▶ **INSTRUCTIONS FOR THE TASK**
The copy should hold exactly the lines below from the one that contains "Ein VW Bus T4" through the one that contains "ND Oslo 7.1" and nothing else, so no pictures.

▶ **MATERIAL TO PROCESS**
________________________

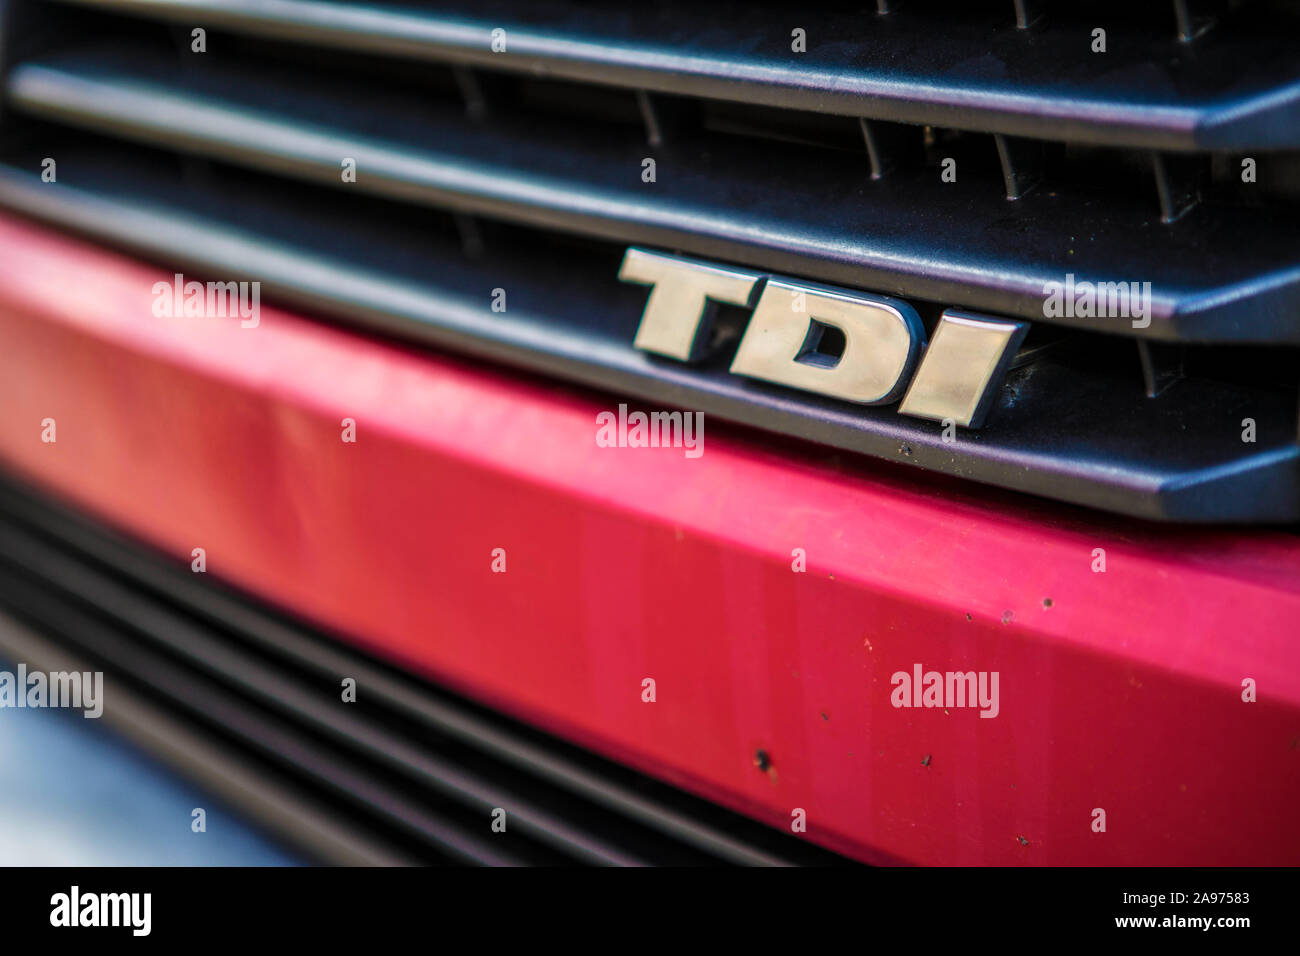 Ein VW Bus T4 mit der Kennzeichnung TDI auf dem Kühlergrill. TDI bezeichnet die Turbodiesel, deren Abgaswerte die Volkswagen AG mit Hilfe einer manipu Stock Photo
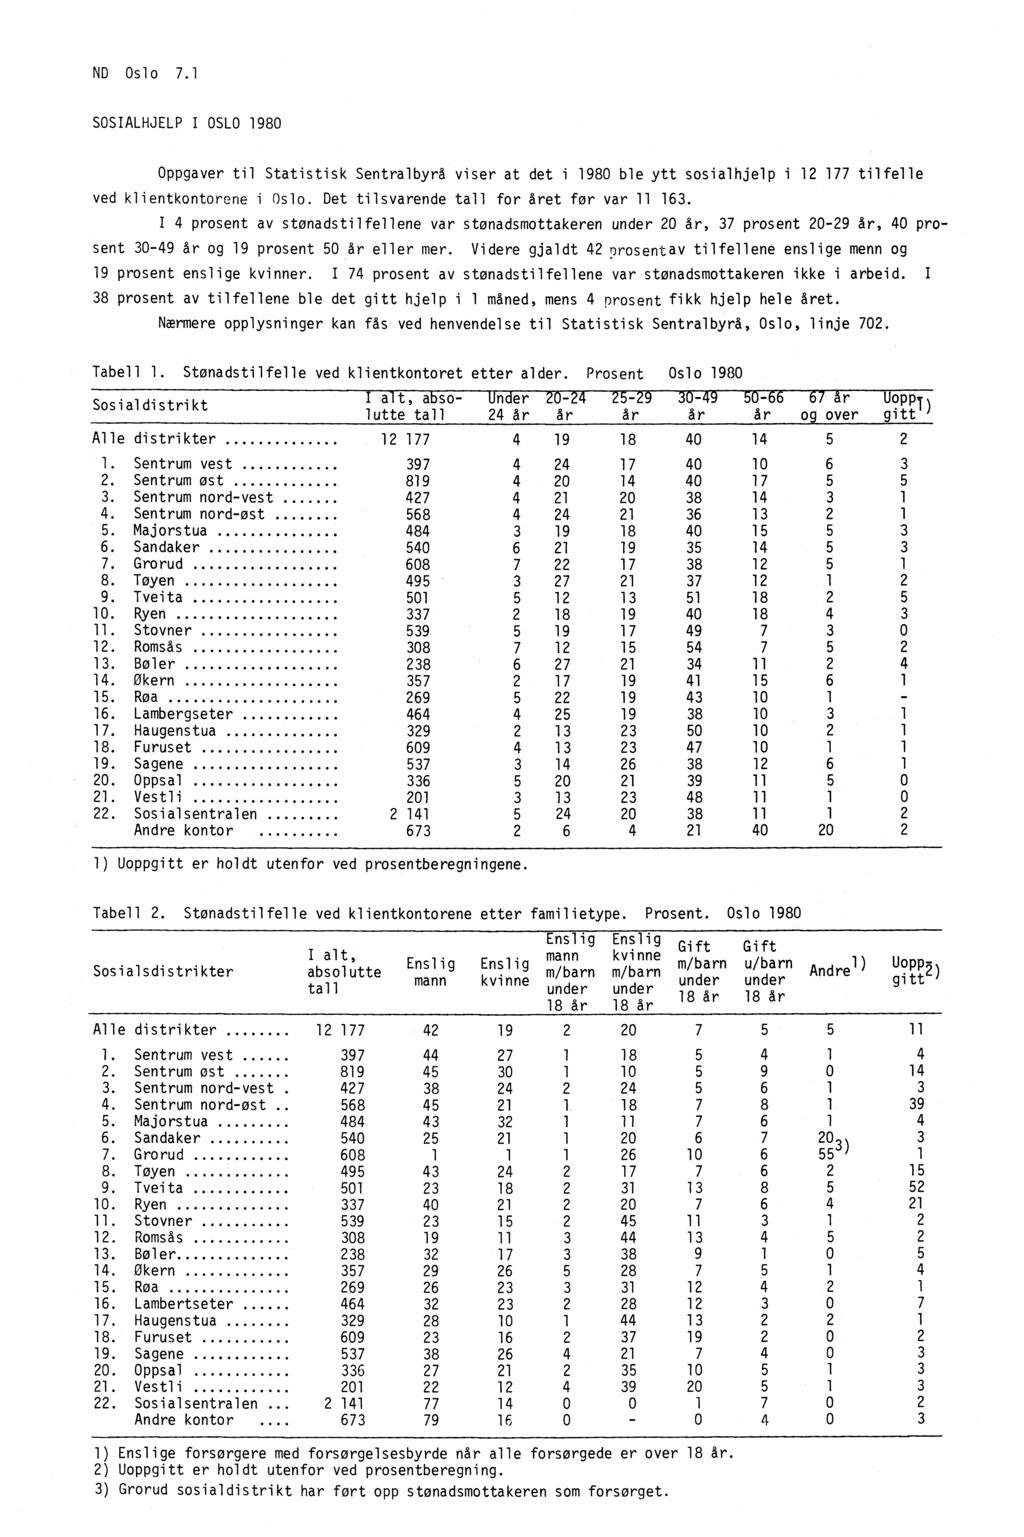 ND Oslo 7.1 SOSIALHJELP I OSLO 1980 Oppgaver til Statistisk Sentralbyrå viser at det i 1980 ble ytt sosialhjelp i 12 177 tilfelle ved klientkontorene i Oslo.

________________________

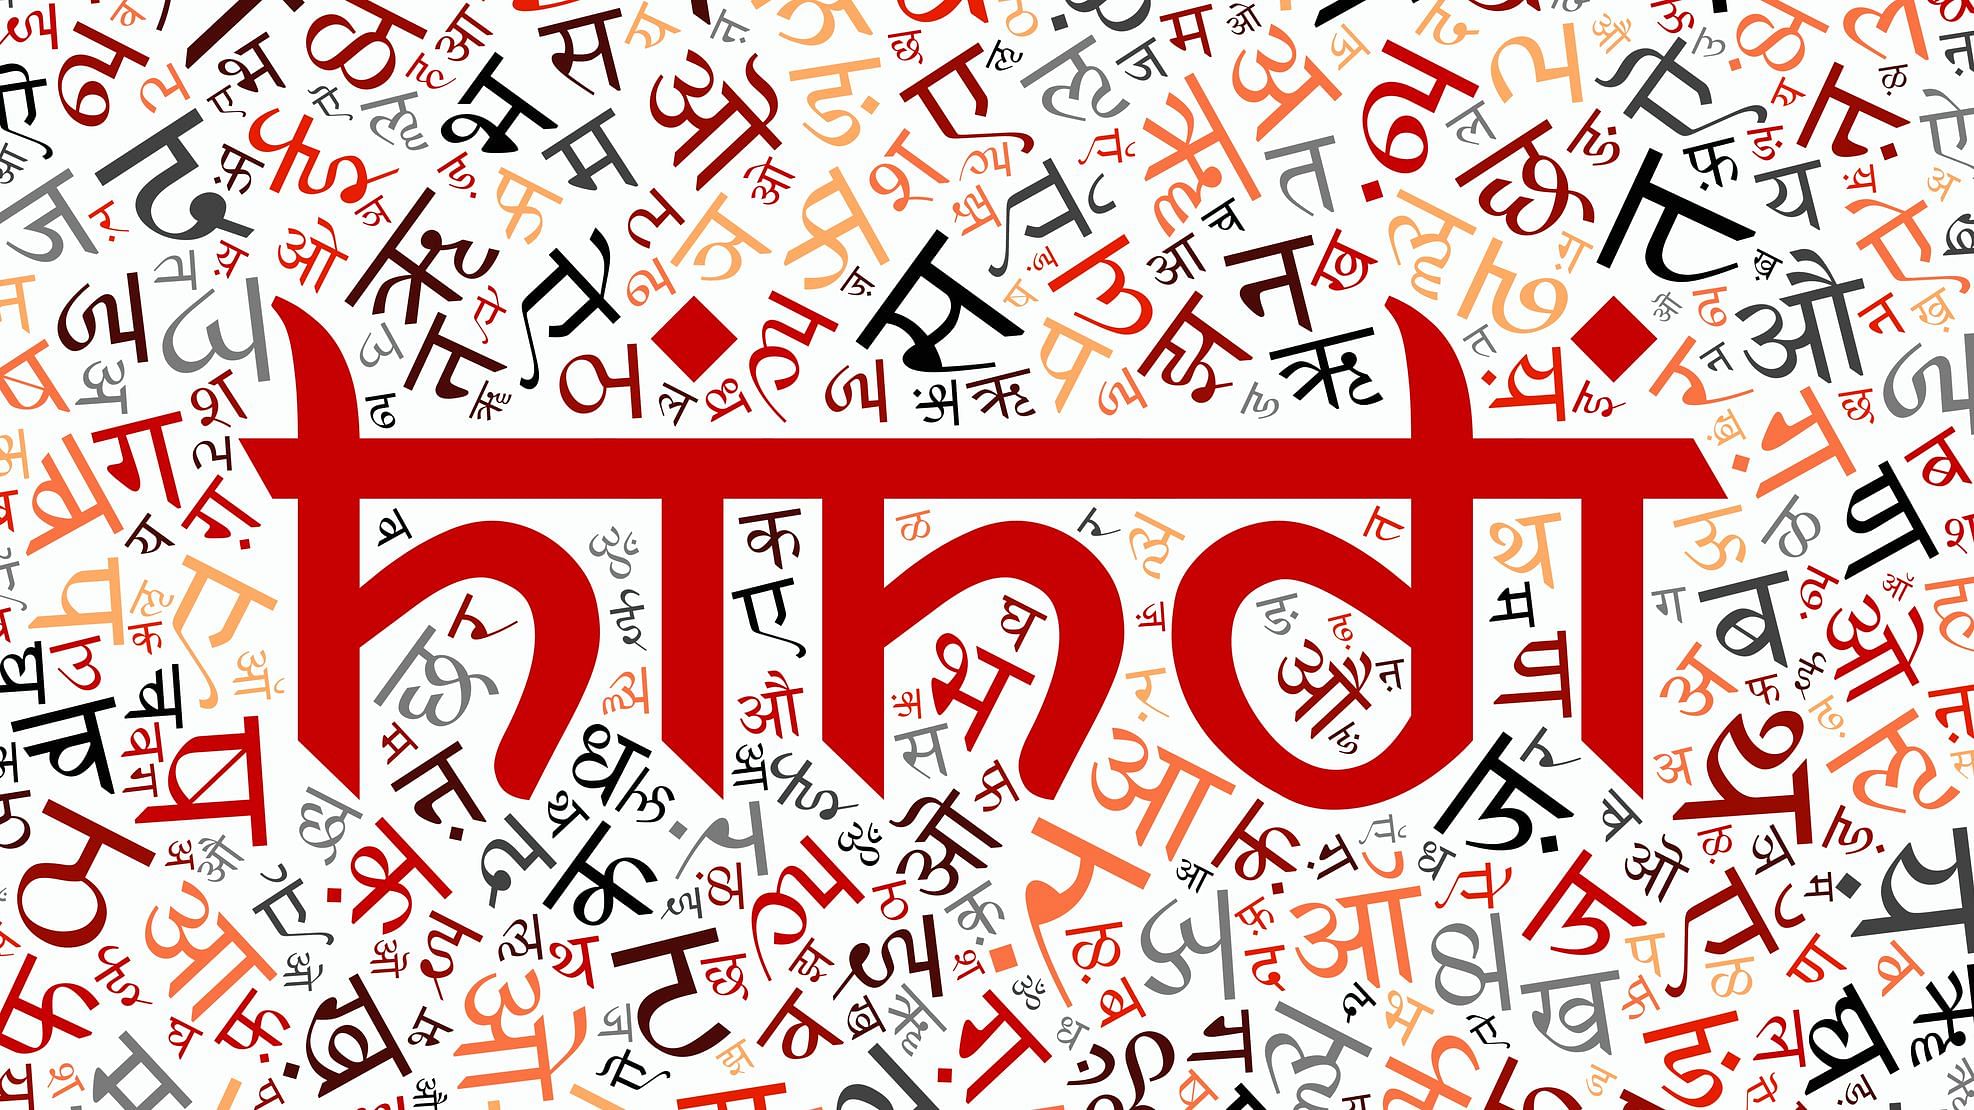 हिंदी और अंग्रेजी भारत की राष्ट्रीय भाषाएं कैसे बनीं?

________________________

▶ **WRITTEN RESPONSE**
 Ein VW Bus T4 mit der Kennzeichnung TDI auf dem Kühlergrill. TDI bezeichnet die Turbodiesel, deren Abgaswerte die Volkswagen AG mit Hilfe einer manipu Stock Photo
 ND Oslo 7.1 SOSIALHJELP I OSLO 1980 Oppgaver til Statistisk Sentralbyrå viser at det i 1980 ble ytt sosialhjelp i 12 177 tilfelle ved klientkontorene i Oslo.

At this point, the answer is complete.